Dado o atraso no programa de regularização das situações de precariedade no Estado (PREVPAP), dezenas de milhares de pessoas aguardam o desfecho do seu processo. Para quem trabalha em organismos do Estado Central (administrações directa e indirecta, sector empresarial do Estado), um primeiro passo importante é conhecer a decisão da comissão que está a avaliar o seu caso. Quando esse parecer é negativo, a Comissão de Avaliação Bipartida (CAB) notifica o trabalhador dessa decisão, ainda provisória. É importante estar atento, até porque muitas pessoas já foram ou estão agora a ser notificadas. Nestes casos, o que fazer? Como responder à notificação da CAB? Deixamos alguma informação e algumas sugestões gerais.

1) Antes de mais, é essencial responder à notificação. Ao não responder, estaríamos a aceitar essa decisão provisória e a perder uma oportunidade de a contestar. Atenção: deve responder-se no prazo previsto na própria notificação (10 dias úteis, em princípio).

2) Na resposta, devem juntar-se todos os elementos e argumentos relevantes para justificar a decisão de regularização. O fundamental é sempre comprovar o que está previsto nos princípios do próprio Programa: que se trata de uma necessidade permanente; e que existe subordinação jurídica, ou seja, que o trabalho é desempenhado às ordens e na dependência do serviço em causa.

3) Alguns dos elementos relevantes podem ser apresentados na resposta, que comprovam a necessidade permanente e a subordinação: ordens dadas por superiores hierárquicos do serviço, provas do controlo da assiduidade, registo e consequências de faltas, marcação de férias, etc.

4) Muitas notificações justificam a decisão negativa com o tipo de vínculo. Por exemplo, apesar de toda a discussão pública e das referências na própria lei que regula o PREVPAP (Lei 112/2017), sabemos que estão a surgir decisões negativas baseadas apenas no facto do vínculo ser um estágio ou uma bolsa, por exemplo. Nestes casos, a resposta deve centrar-se em afirmar que o tipo de vínculo não é um factor de exclusão e que todas as situações estão abrangidas, desde que, na realidade, sejam necessidades permanentes e com subordinação jurídica ao serviço.

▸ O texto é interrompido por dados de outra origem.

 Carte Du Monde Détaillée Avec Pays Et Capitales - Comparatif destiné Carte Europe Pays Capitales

5) Atenção: há algumas notificações que, ao comunicar uma decisão negativa, argumentam com o articulado da Portaria que inicialmente lançou o Programa (a Portaria 150/2017), que é muito pouco clara relativamente a várias matérias. A resposta a estas notificações deve referir que a legislação posteriomente aprovada (Lei 112/2017) esclareceu muitos aspectos, nomeadamente prevendo especificamente todos os tipos de vínculo no âmbito do Programa.

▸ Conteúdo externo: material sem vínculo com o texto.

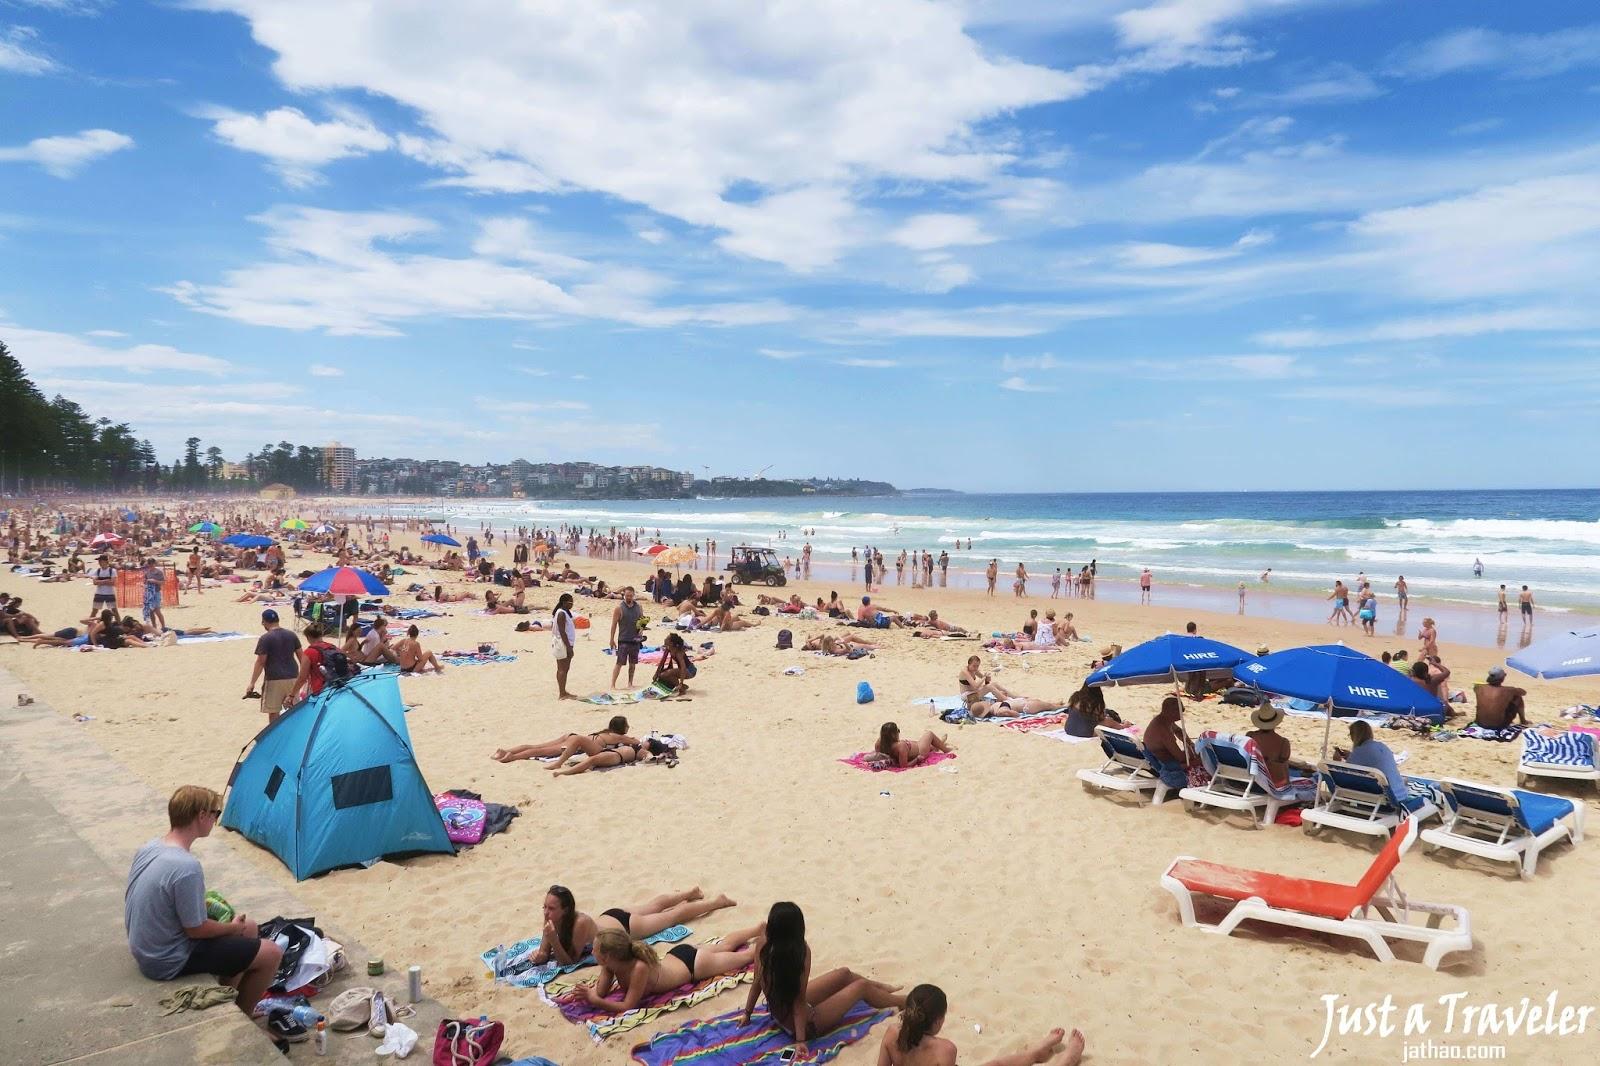 雪梨-雪梨景點-市區-推薦-雪梨必玩景點-雪梨必遊景點-曼利海灘-雪梨旅遊景點-雪梨自由行景點-悉尼景點-澳洲-Sydney-Tourist-Attraction-Manly-Beach-Travel-Australia

6) Há também decisões negativas fundamentadas apenas com o facto de o trabalhador ter vínculo com outra entidade, como no caso das situações de falso outsourcing. Nestes casos, a resposta deve centrar-se em comprovar que, apesar da aparente relação com uma entidade terceira, o trabalho é na realidade desempenhado em subordinação ao serviço. É isso o falso outsourcing e estas situações estão no âmbito do programa de regularização. Qualquer que seja o caso, o facto da situação ser aparentemente legal não é motivo para exclusão – ou então o próprio Programa nem sequer faria sentido.